Jeudi 30 juin 2016, 15h00 en salle A307 a Dauphine

Tristan Cazenave

PSL - Universite Paris-Dauphine - LAMSADE

Playout Policy Adaptation with Move Features

Monte Carlo Tree Search (MCTS) is the state of the art algorithm for General Game Playing (GGP). We propose to learn a playout policy online so as to improve MCTS for GGP. We also propose to learn a policy not only using the moves but also according to the features of the moves. We test the resulting algorithms named Playout Policy Adaptation (PPA) and Playout Policy Adaptation with move Features (PPAF) on Atarigo, Breakthrough, Misere Breakthrough, Domineering, Misere Domineering, Knightthrough, Misere Knightthrough and Nogo. The experiments compare PPA and PPAF to Upper Confidence for Trees (UCT) and to the closely related Move-Average Sampling Technique (MAST) algorithm.

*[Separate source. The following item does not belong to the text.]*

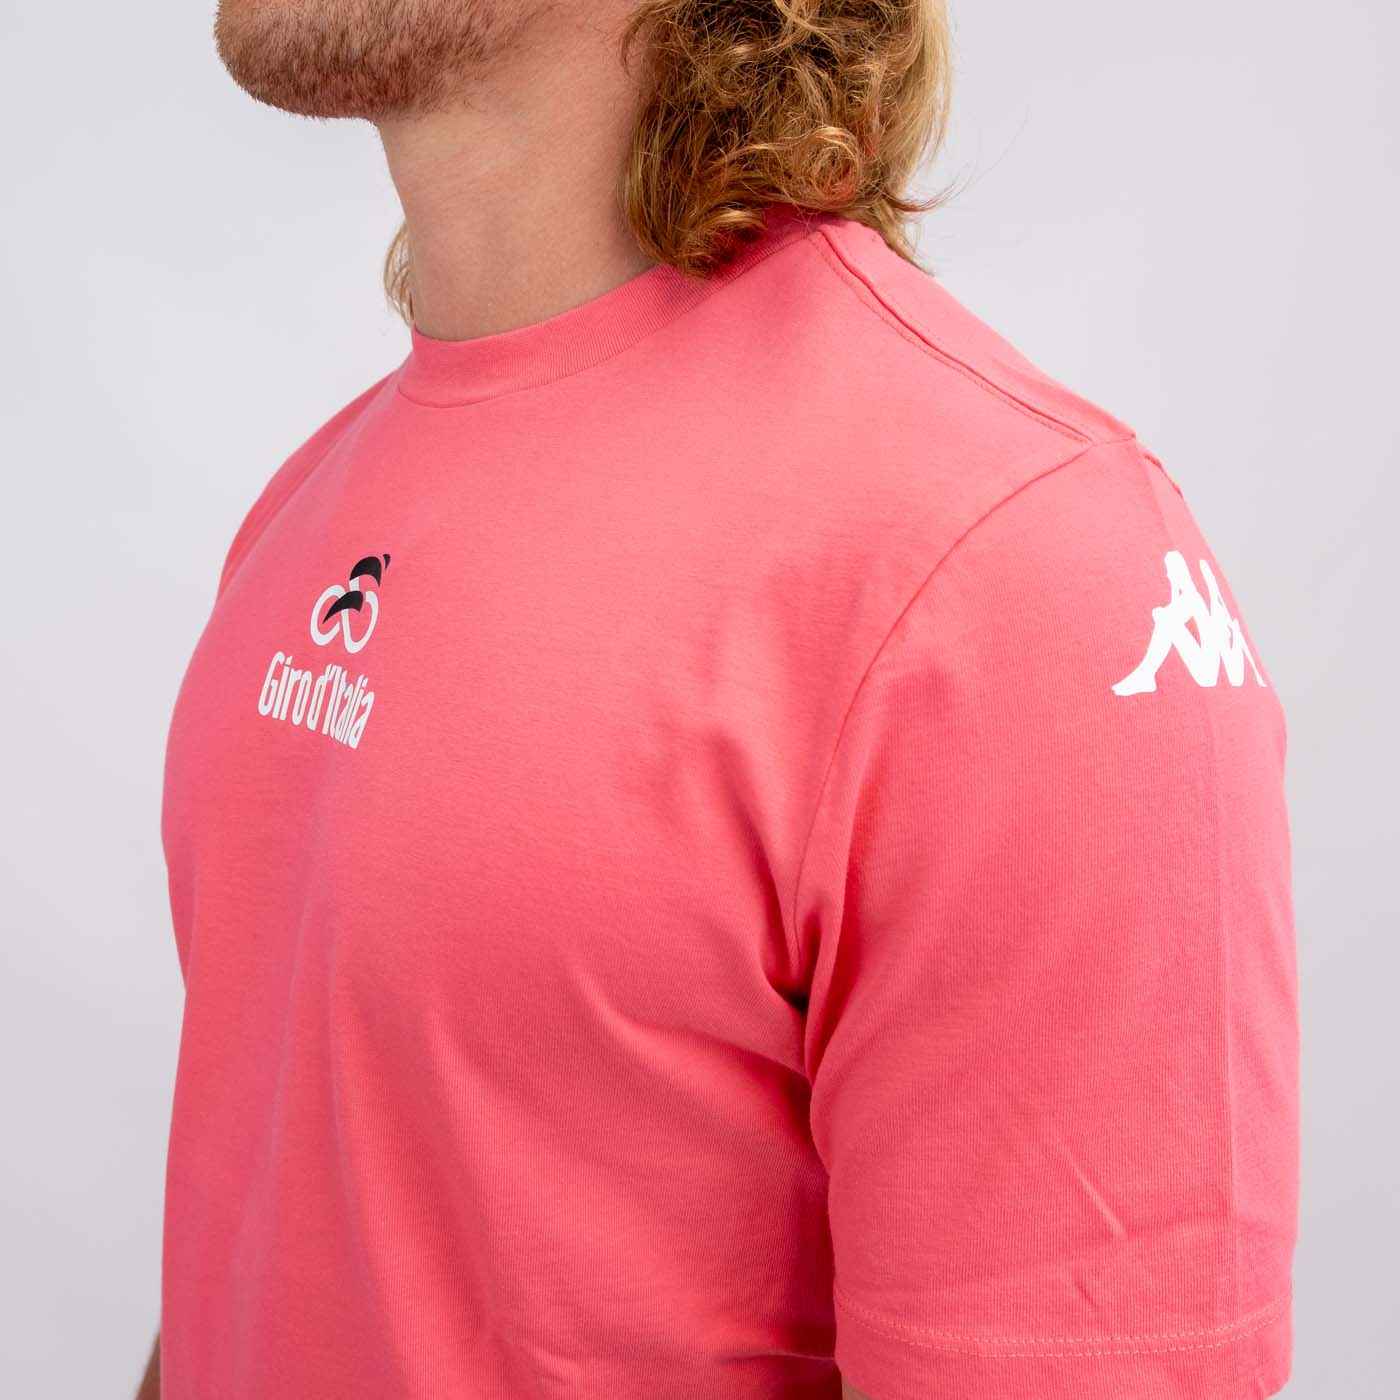 Giro d'Italia T-Shirt Eroi - Pink

Nested Rollout Policy Adaptation with Selective Policies

Monte Carlo Tree Search (MCTS) is a general search algorithm that has improved the state of the art for multiple games and optimization problems. A record breaking algorithm for puzzles and optimization is Nested Rollout Policy Adaptation (NRPA). It learns a playout policy online that dynamically adapts the playouts to the problem at hand. We propose to enhance NRPA using more selectivity in the playouts. The idea is applied to three different problems: Bus regulation, SameGame and Weak Schur numbers. We improve on standard NRPA for all three problems.

Combining tactical search and deep learning in the game of Go

In this paper we experiment with a Deep Convolutional Neural Network for the game of Go. We show that even if it leads to strong play, it has weaknesses at tactical search. We propose to combine tactical search with Deep Learning to improve Golois, the resulting Go program. A related work is AlphaGo, it combines tactical search with Deep Learning giving as input to the network the results of ladders. We propose to extend this further to other kind of tactical search such as life and death search.

Mardi 29 mars 2016, 14h00 en salle B212 a Dauphine

Monte-Carlo Tree Search in Logistics

Stefan Edelkamp

University of Bremen

In this talk I review recent advances of randomized AI search in solving industrially relevant optimization problems. The method I focus on is a sampling-based solution mechanism called Monte-Carlo Tree Search (MCTS) and establish a better trade-off between exploitation and exploration.

This method, originating in game playing research, is a general heuristic search technique, for which often less problem-specific knowledge has to be added than in comparable approaches.

The production and logistics problems I consider include vehicle routing, container packing and robot motion planning tasks, which are usually considered to be connected to Operations Research, often referring to decades of research. Despite the long history of the problems addressed, NRPA, a recent variant of MCTS with nestedness and policy adaptation, computes promising results, sometimes even of a quality that is difficult to match with other global/local optimization strategies.

The breadth of the three different application domains illustrates that a strong search method is entering the OR arena, which might eventually lead to a paradigm shift.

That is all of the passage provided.